» **Task details**
Reproduce the lines below verbatim. Pictures are to be omitted.

» **Data block**
-------
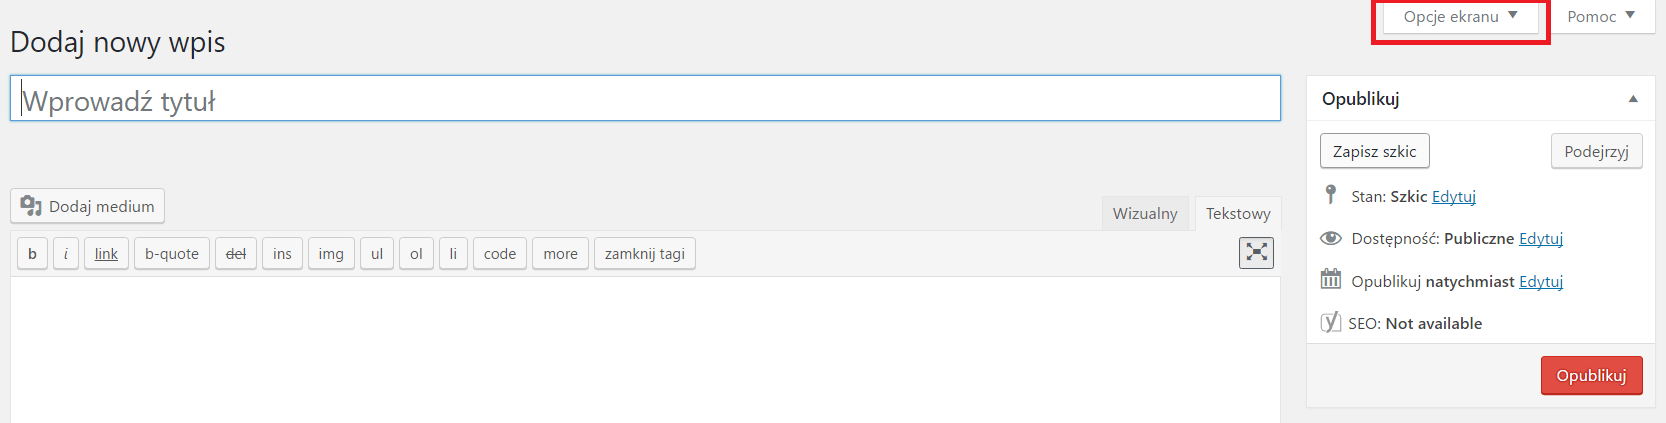 Ukryte funkcje WordPress - opcje ekranu
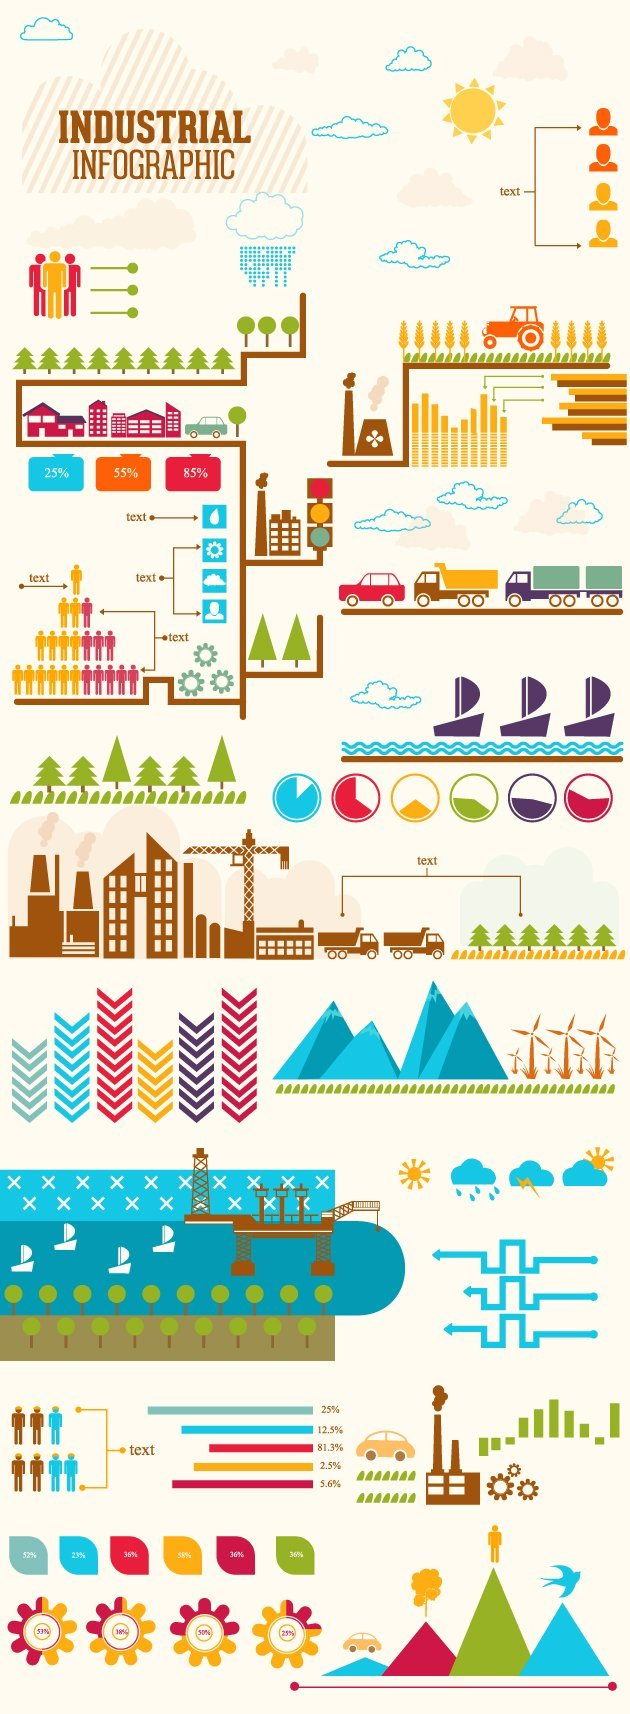 industrial-infographic-vector
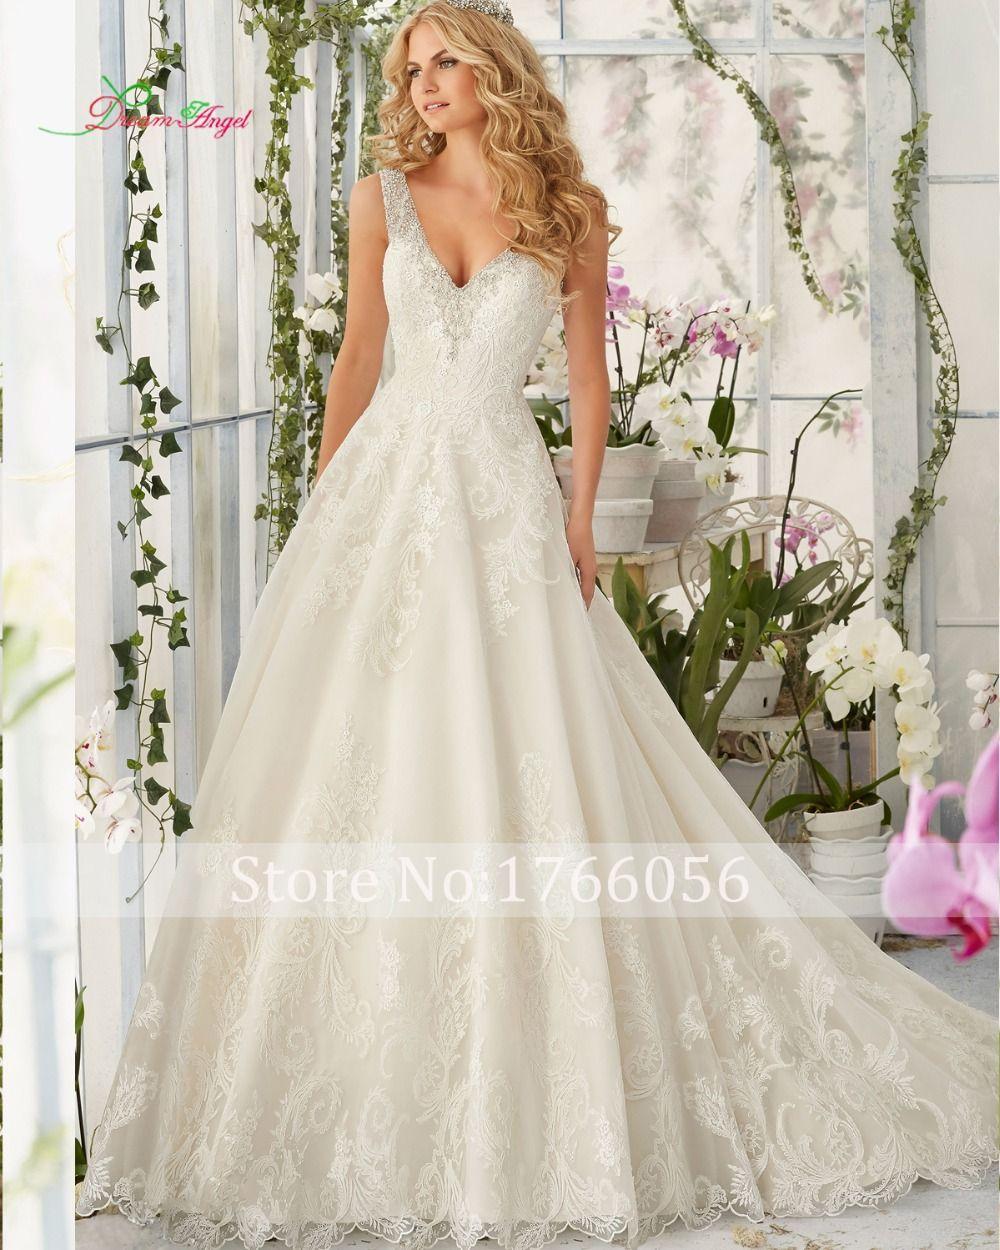 Silver wedding dresses plus size  New Designer V Neck Appliques A Line Lace Vintage Wedding Dress
-------
» **Response area**
 Ukryte funkcje WordPress - opcje ekranu
 industrial-infographic-vector
 Silver wedding dresses plus size  New Designer V Neck Appliques A Line Lace Vintage Wedding Dress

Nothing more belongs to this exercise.